# Imports and utility functions

In [None]:
from __future__ import absolute_import
from __future__ import division
from __future__ import print_function

import matplotlib.pyplot as plt # plotting
import matplotlib.image as mpimg # images
import numpy as np #numpy
import seaborn as sns
import tensorflow.compat.v2 as tf #use tensorflow v2 as a main 
import tensorflow.keras as keras # required for high level applications
from sklearn.model_selection import train_test_split # split for validation sets
from sklearn.metrics import accuracy_score, f1_score, classification_report
from sklearn.preprocessing import normalize # normalization of the matrix
import scipy
import pandas as pd
import re

In [None]:
def cleanTexts(texts):
    cleaned = []
    pattern = "[^a-zA-Z0-9]"
    for text in texts:
        clrd = re.sub(pattern," ",text).lower().strip()
        cleaned.append(clrd)
    return cleaned

# Load data

In [None]:
from sklearn.utils import shuffle

dataset = pd.read_csv('train_data_imdb.csv')
dataset = shuffle(dataset)
dataset.tail()

Unnamed: 0.1,Unnamed: 0,text,label
12341,23856,Why would any legitimate actor having read the...,0
17921,6432,"And my children love it now!
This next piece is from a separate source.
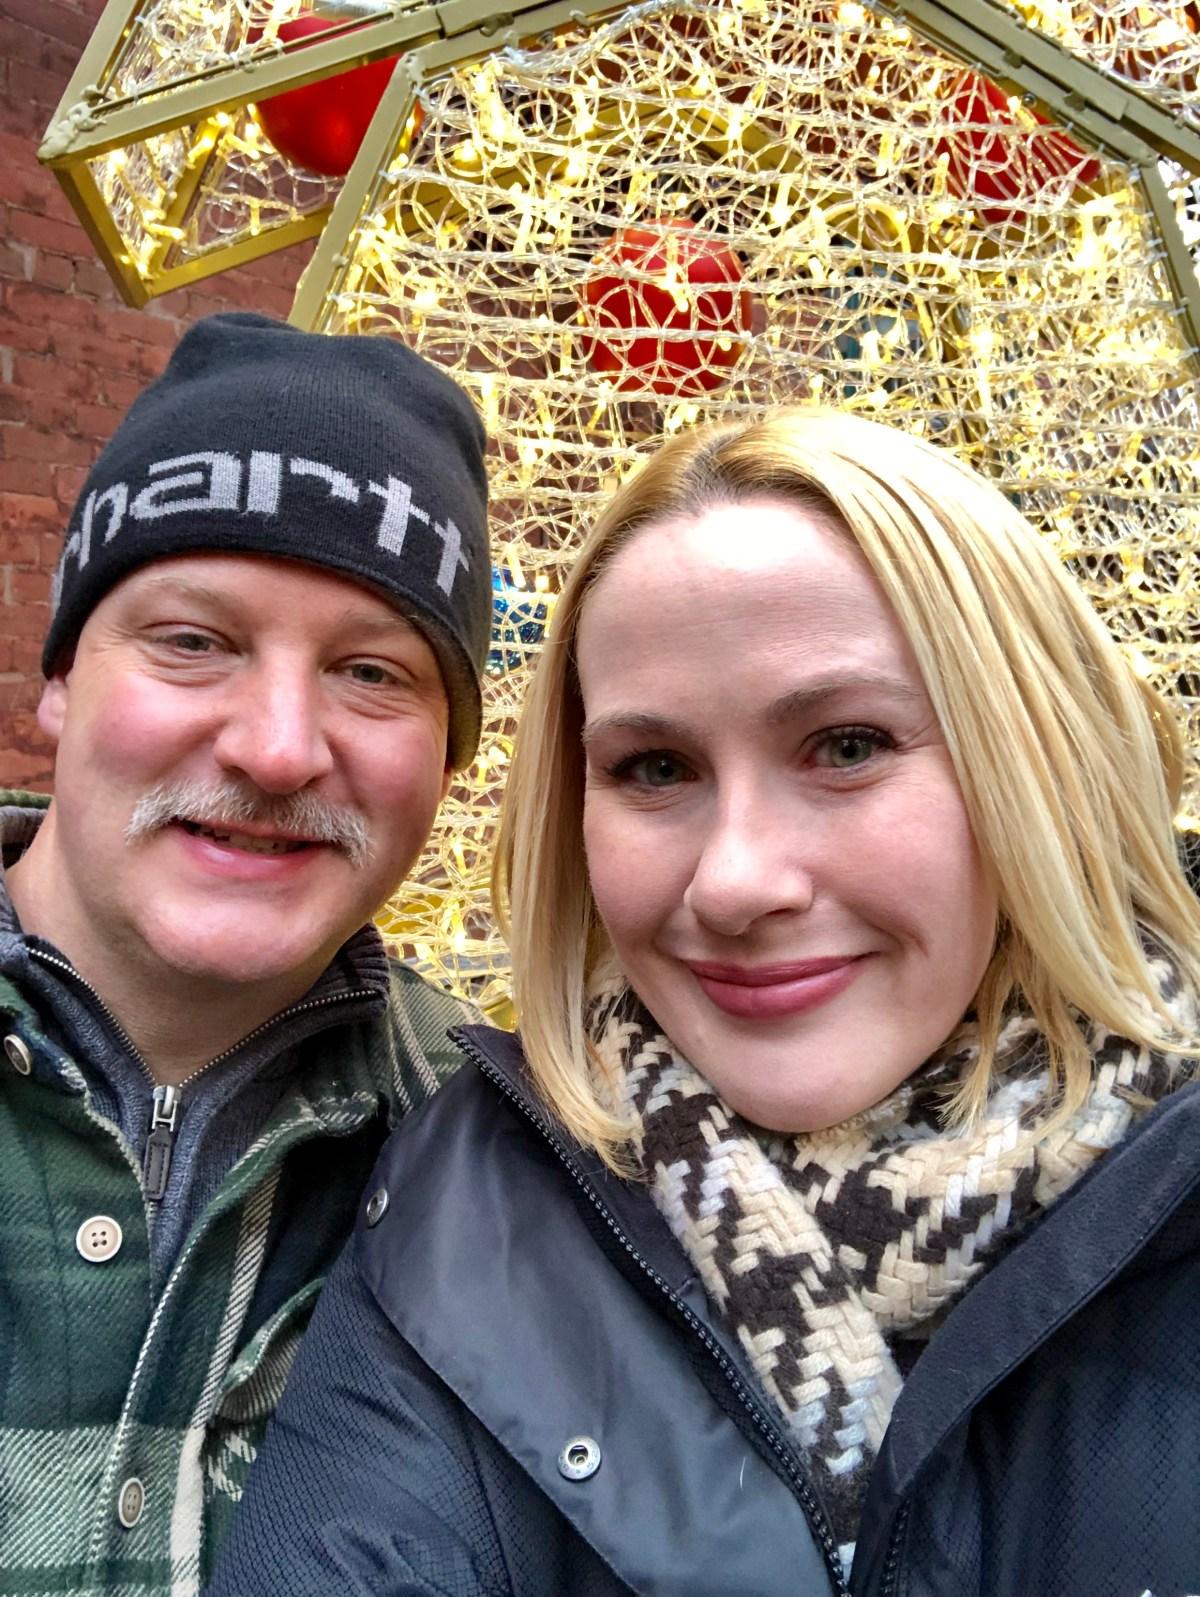 Happylifeblogspot at the Toronto Christmas Market #torontochristmasmarket #toronto #distillerydistrict #ontario #christmasmarkets #canada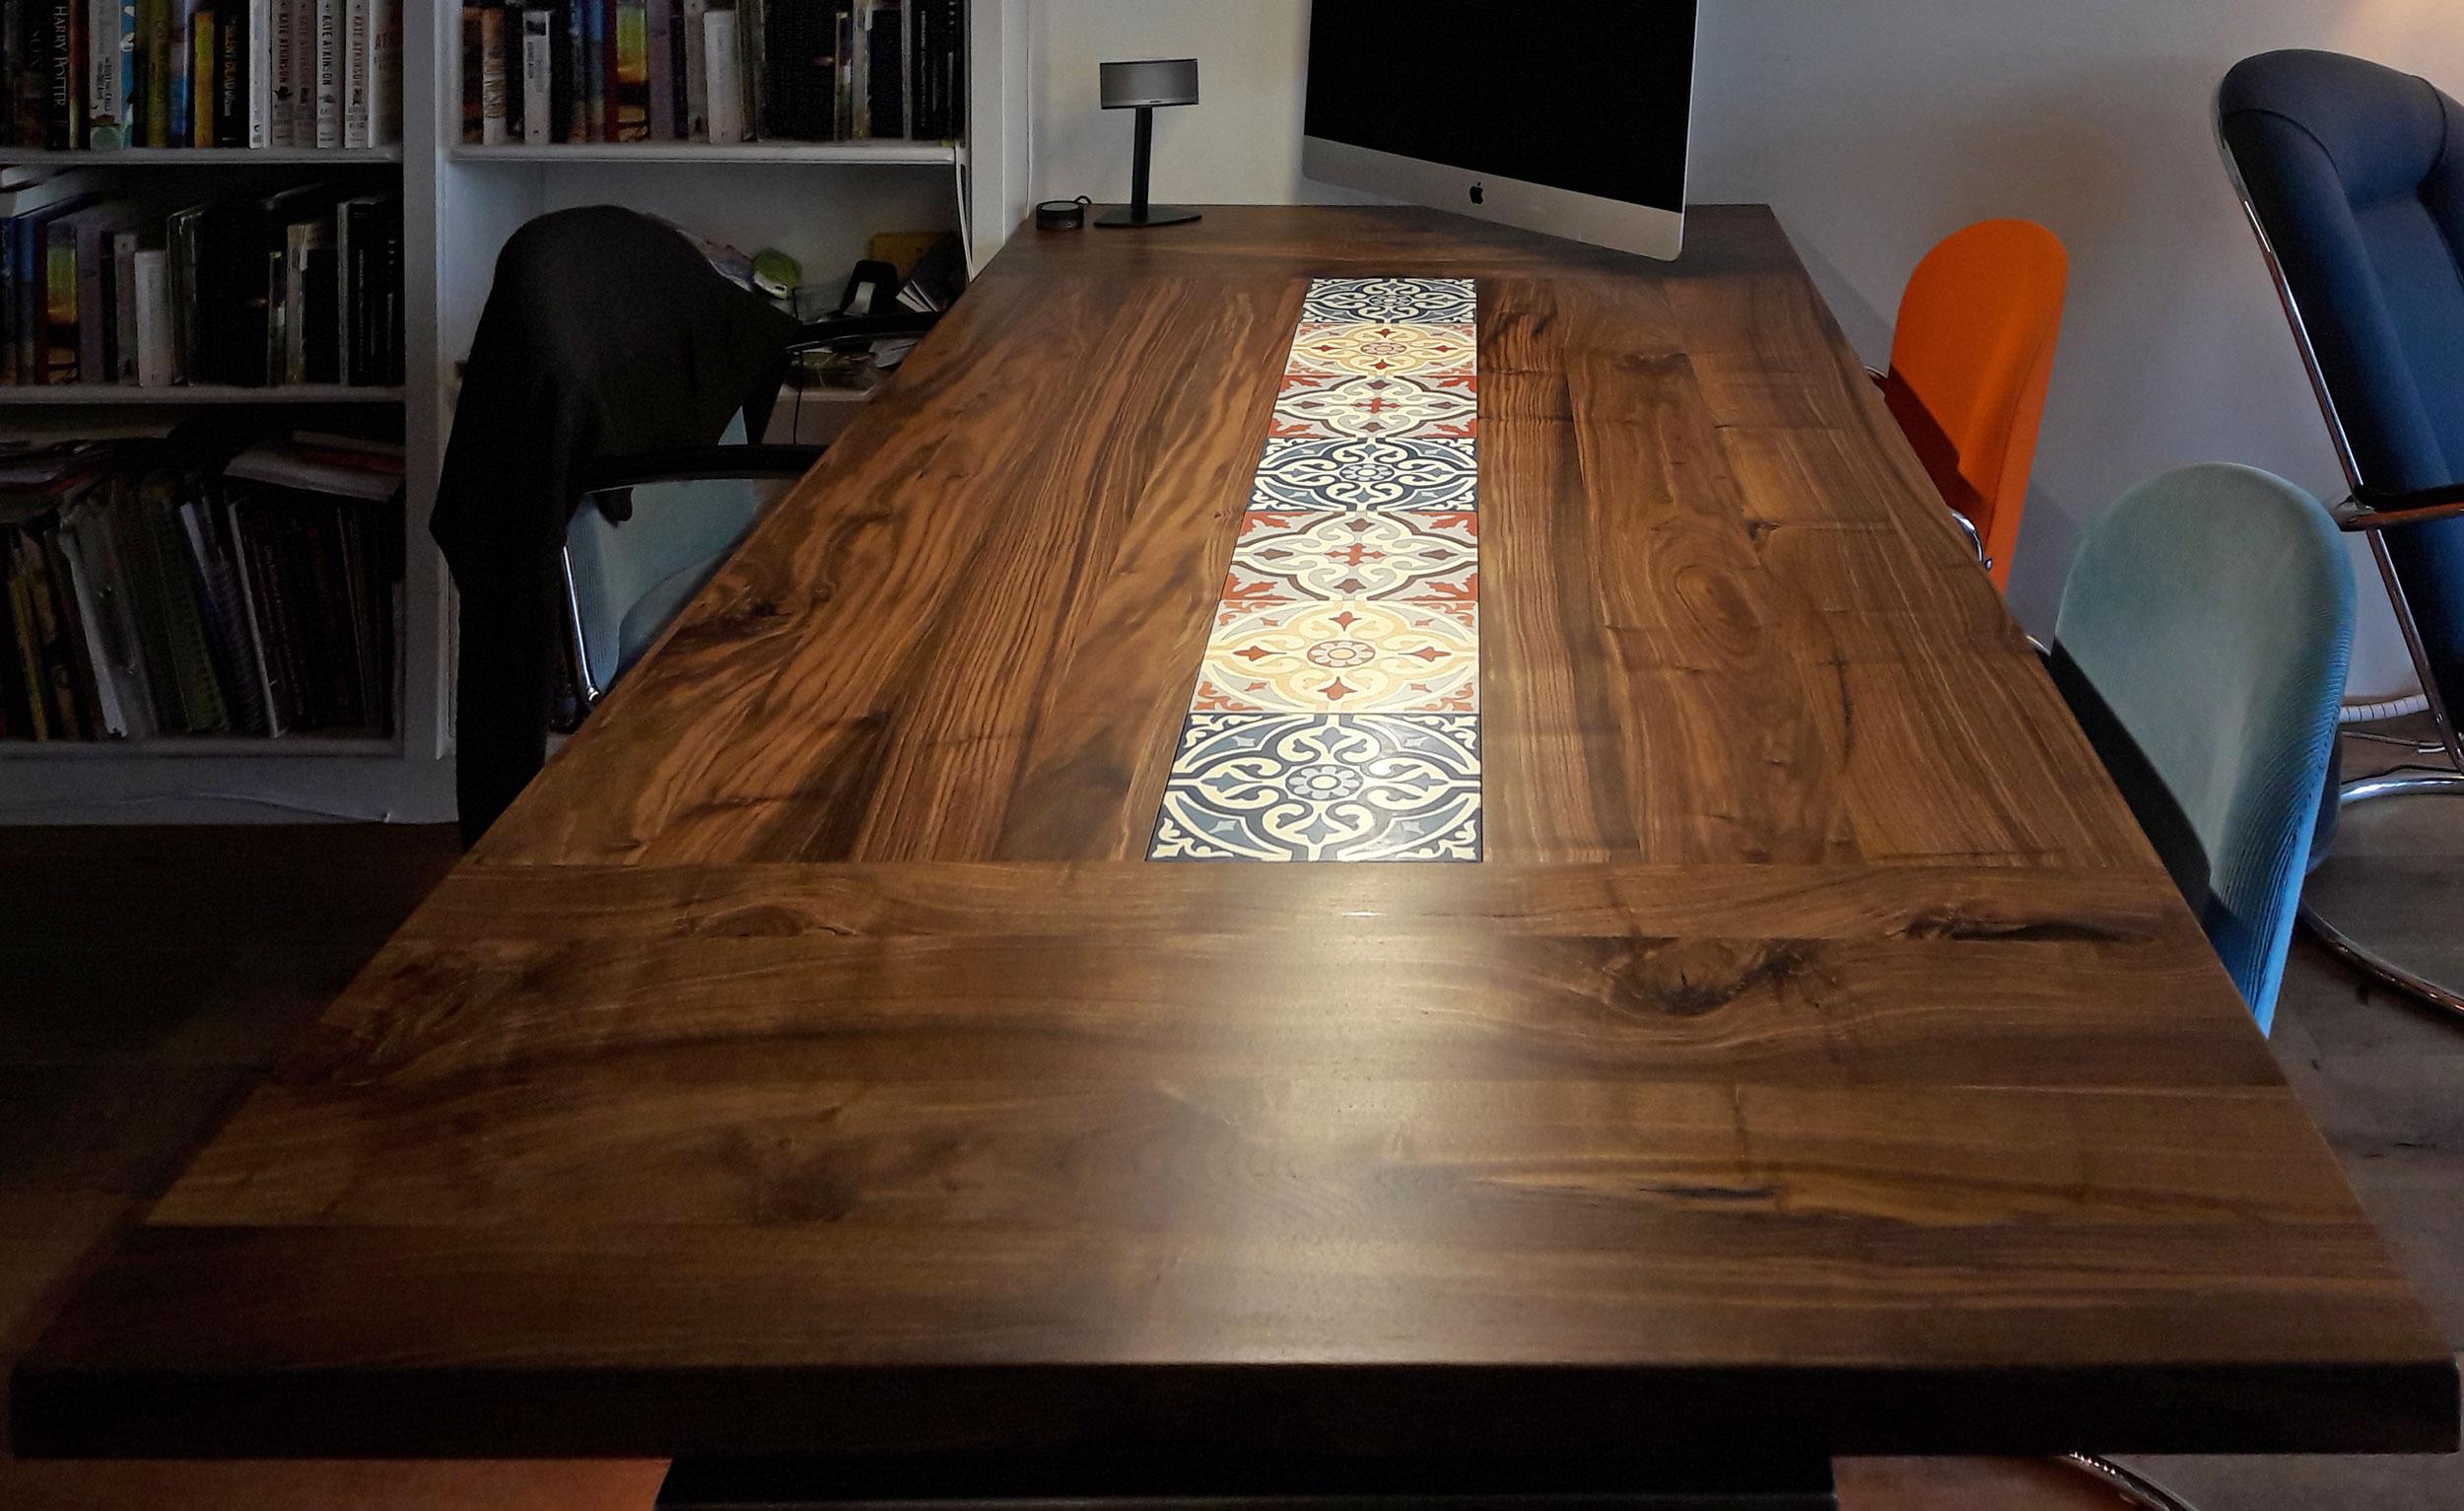 Lex Burki Hornig Holzdesign Gmbh

Granted, I can wa...",1
1233,4408,Using Buster Keaton in the twilight of his car...,1
13700,14169,"Minimal script, minimal character development,...",0
10062,8556,"Not really a big box office draw, but I was pl...",1


In [None]:
x_train = list(cleanTexts(dataset['text']))
# print(x[:5])

y_train = list(dataset['label'])
# print(y[:5])

#x_train = x_train[:10000]
#y_train = y_train[:10000]

x_train = x_train[:25000]
y_train = y_train[:25000]

In [None]:
test_data = pd.read_csv('test_data_imdb.csv')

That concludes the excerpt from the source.